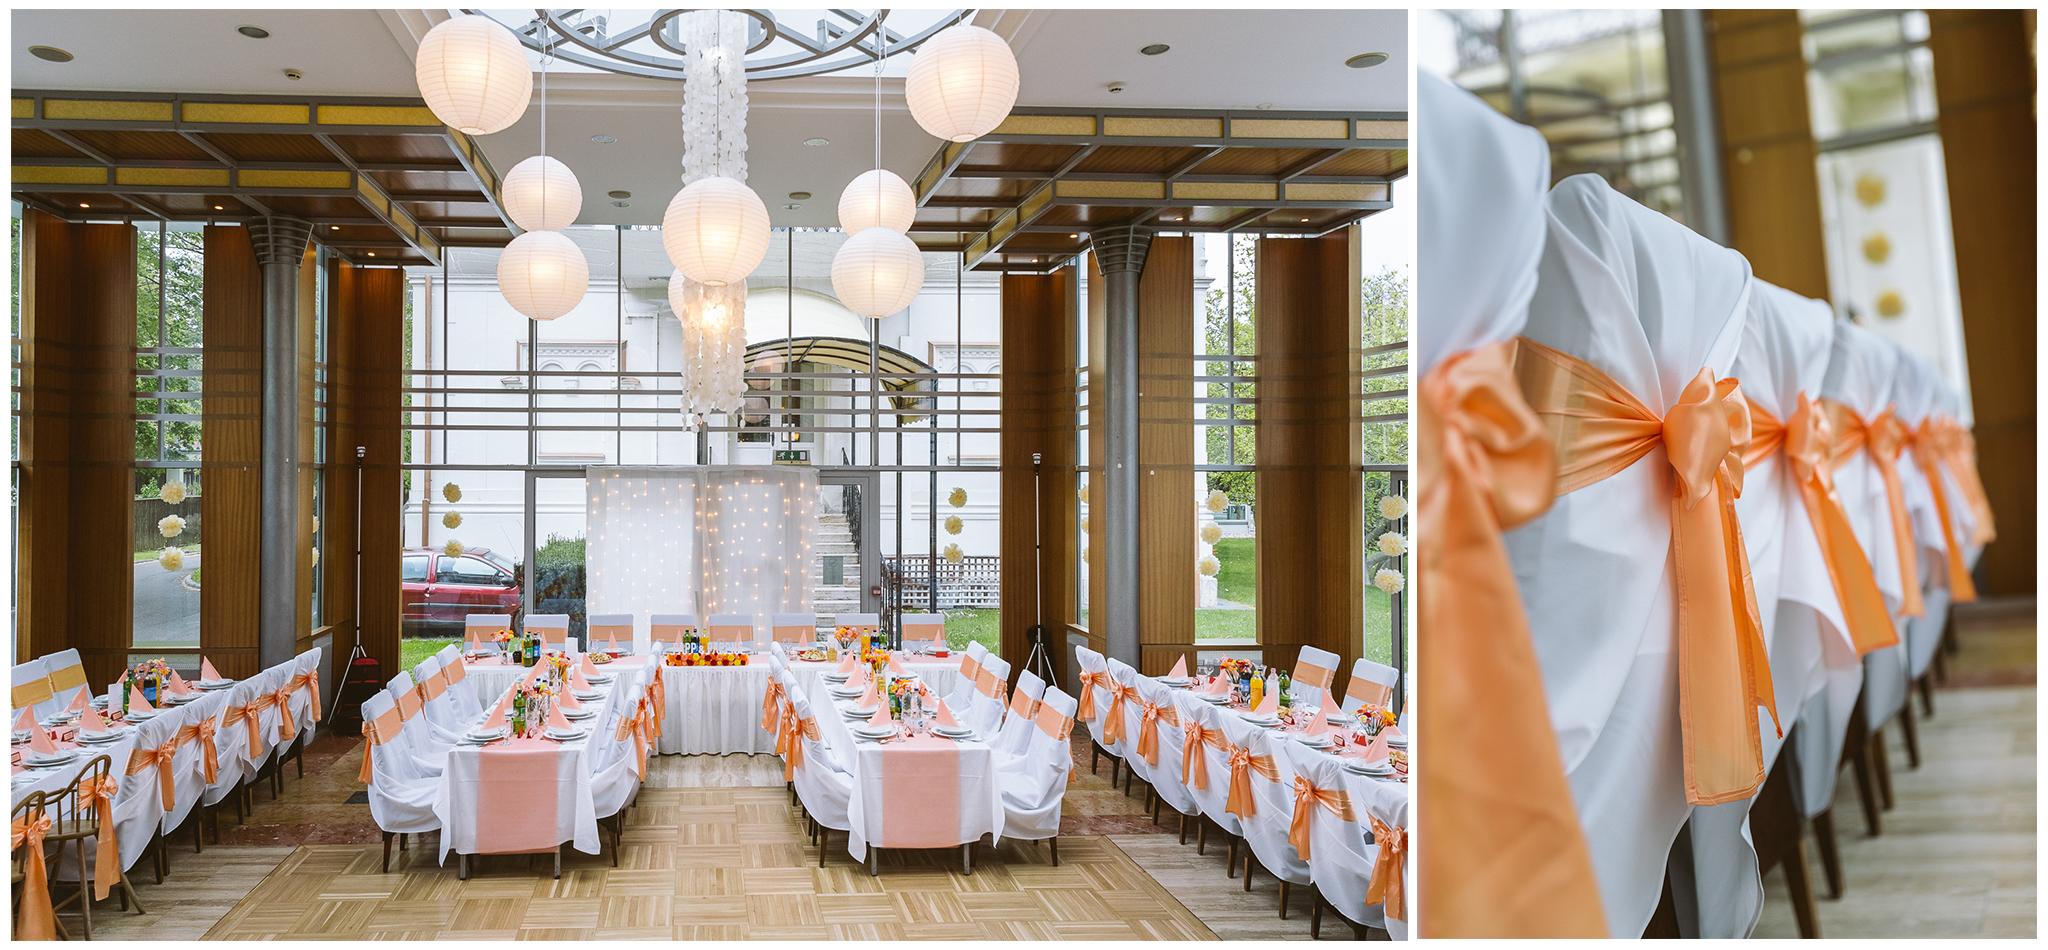 FylepPhoto, esküvőfotós, esküvői fotós Körmend, Szombathely, esküvőfotózás, magyarország, vas megye, prémium, jegyesfotózás, Fülöp Péter, körmend, kreatív, fotográfus_031.jpg
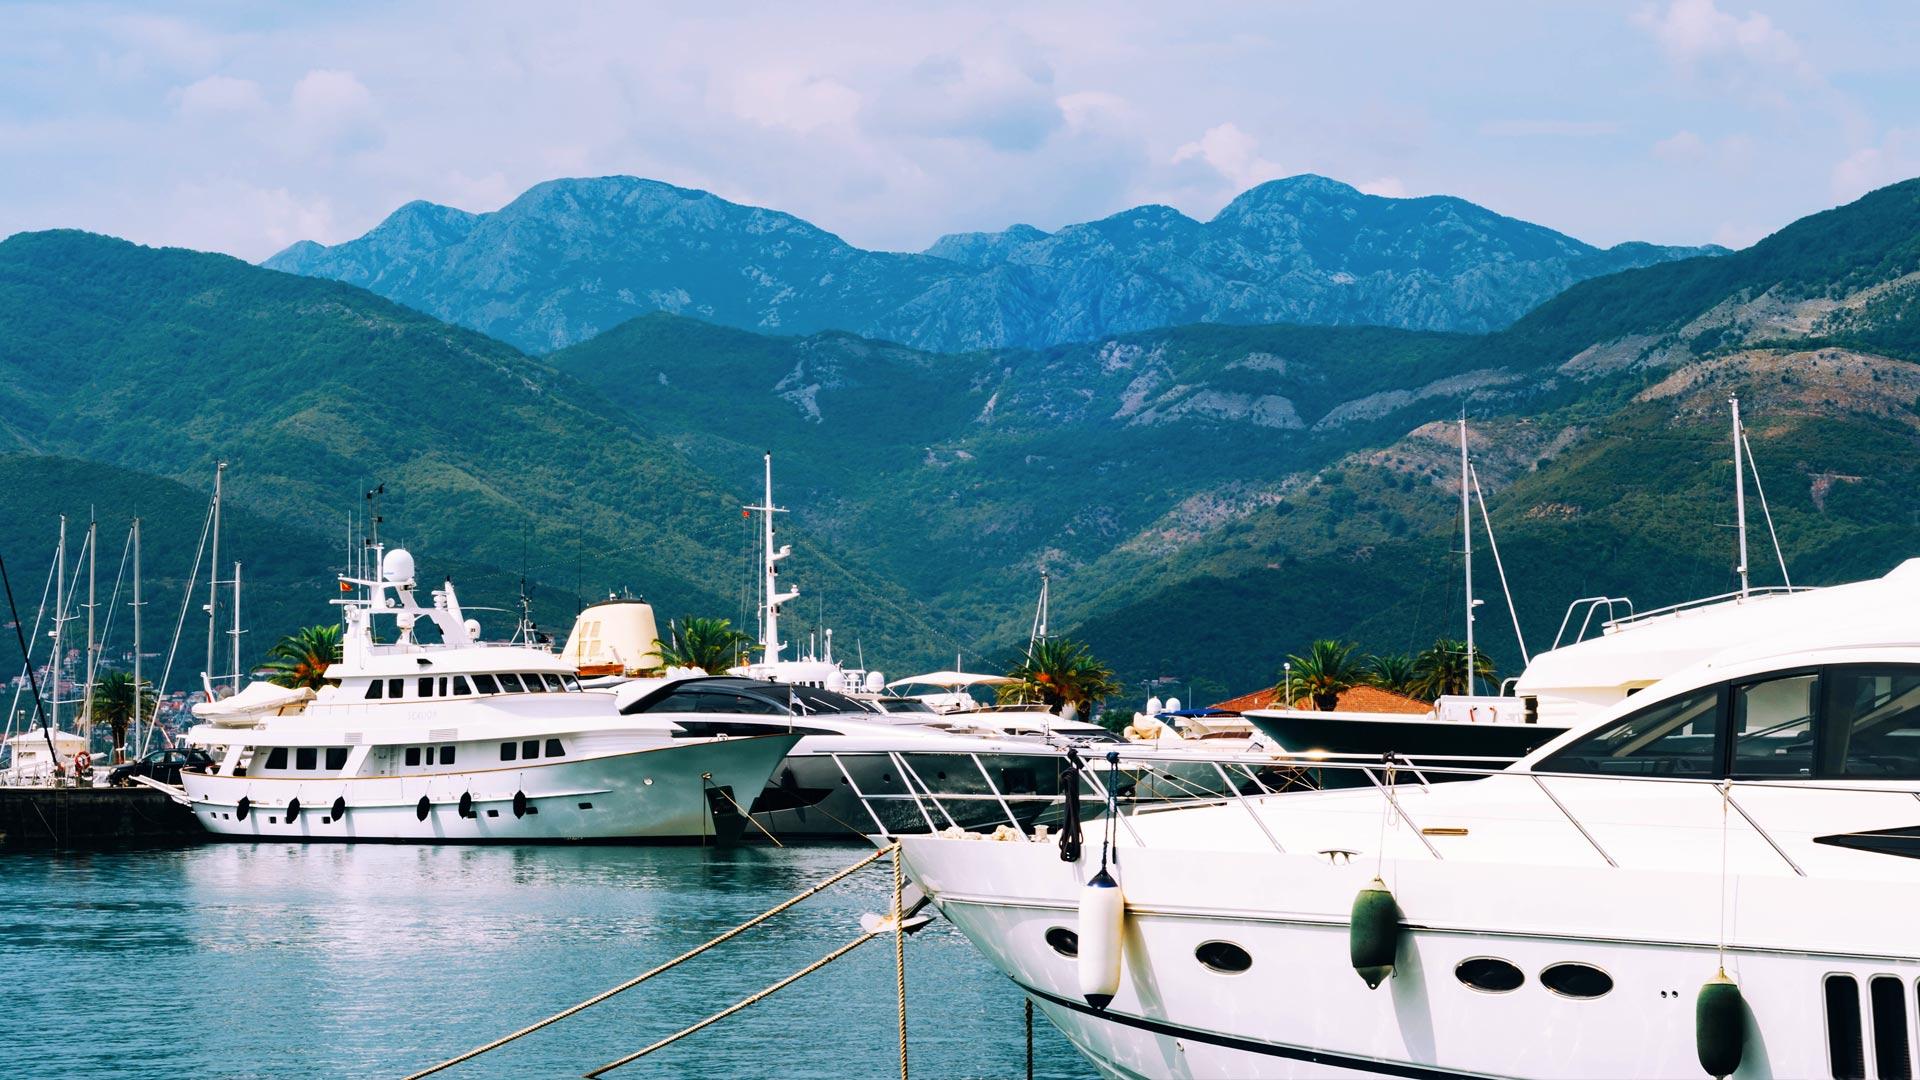 Z kim graniczy Czarnogóra? Sąsiedzi Czarnogóry
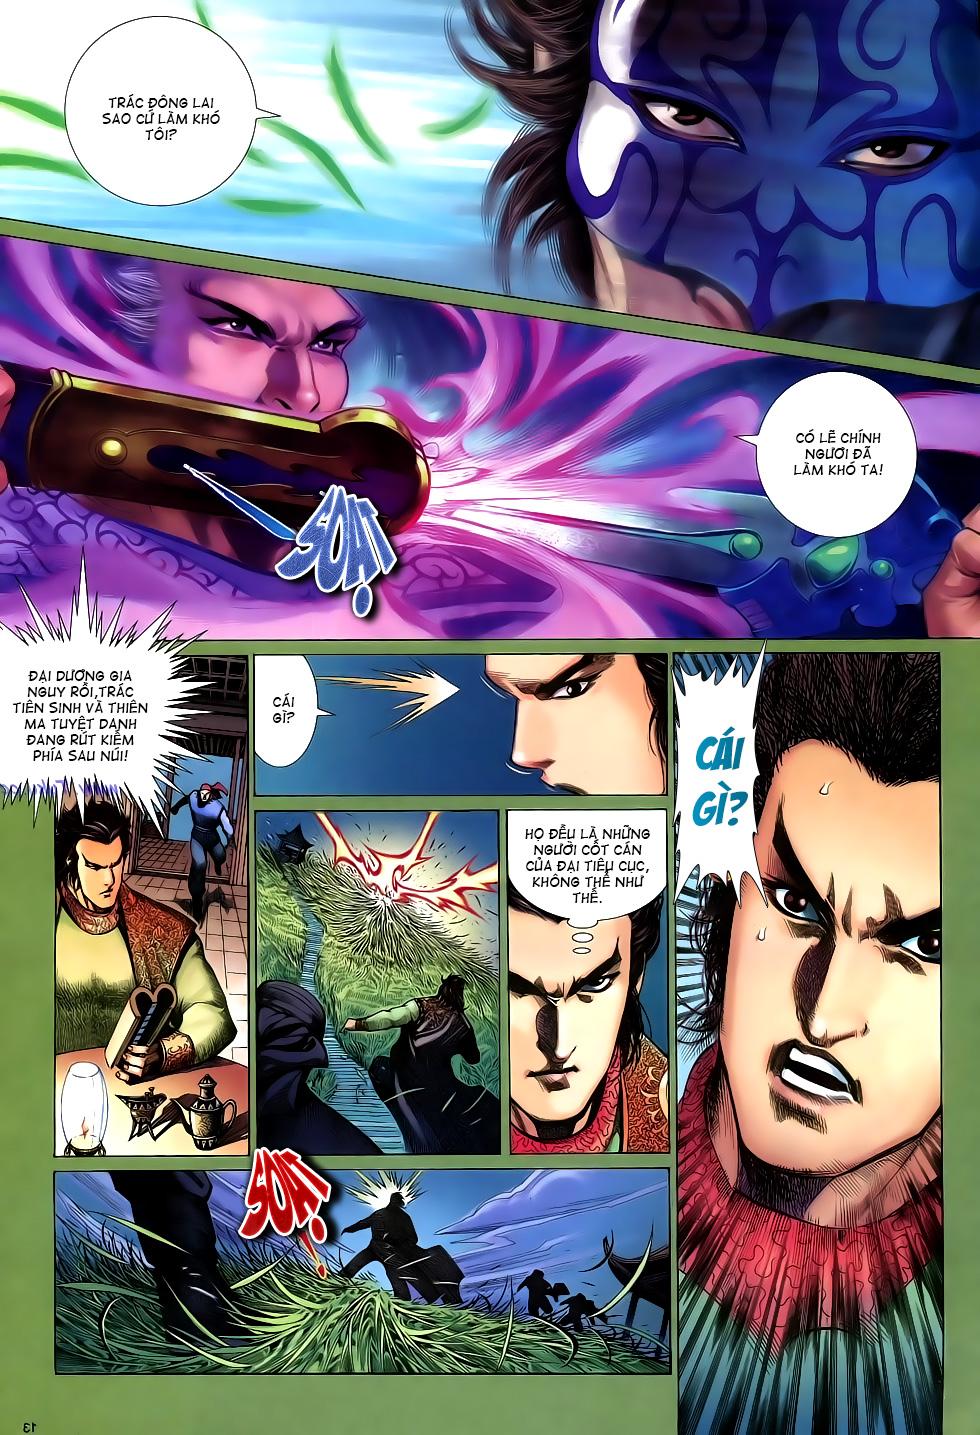 Anh hùng vô lệ Chap 16: Kiếm túy sư cuồng bất lưu đấu  trang 14
————————
Problem requirements
Print out the complete listing above exactly, dropping each image.

Output
 FylepPhoto, esküvőfotós, esküvői fotós Körmend, Szombathely, esküvőfotózás, magyarország, vas megye, prémium, jegyesfotózás, Fülöp Péter, körmend, kreatív, fotográfus_031.jpg
 Z kim graniczy Czarnogóra? Sąsiedzi Czarnogóry
 Anh hùng vô lệ Chap 16: Kiếm túy sư cuồng bất lưu đấu  trang 14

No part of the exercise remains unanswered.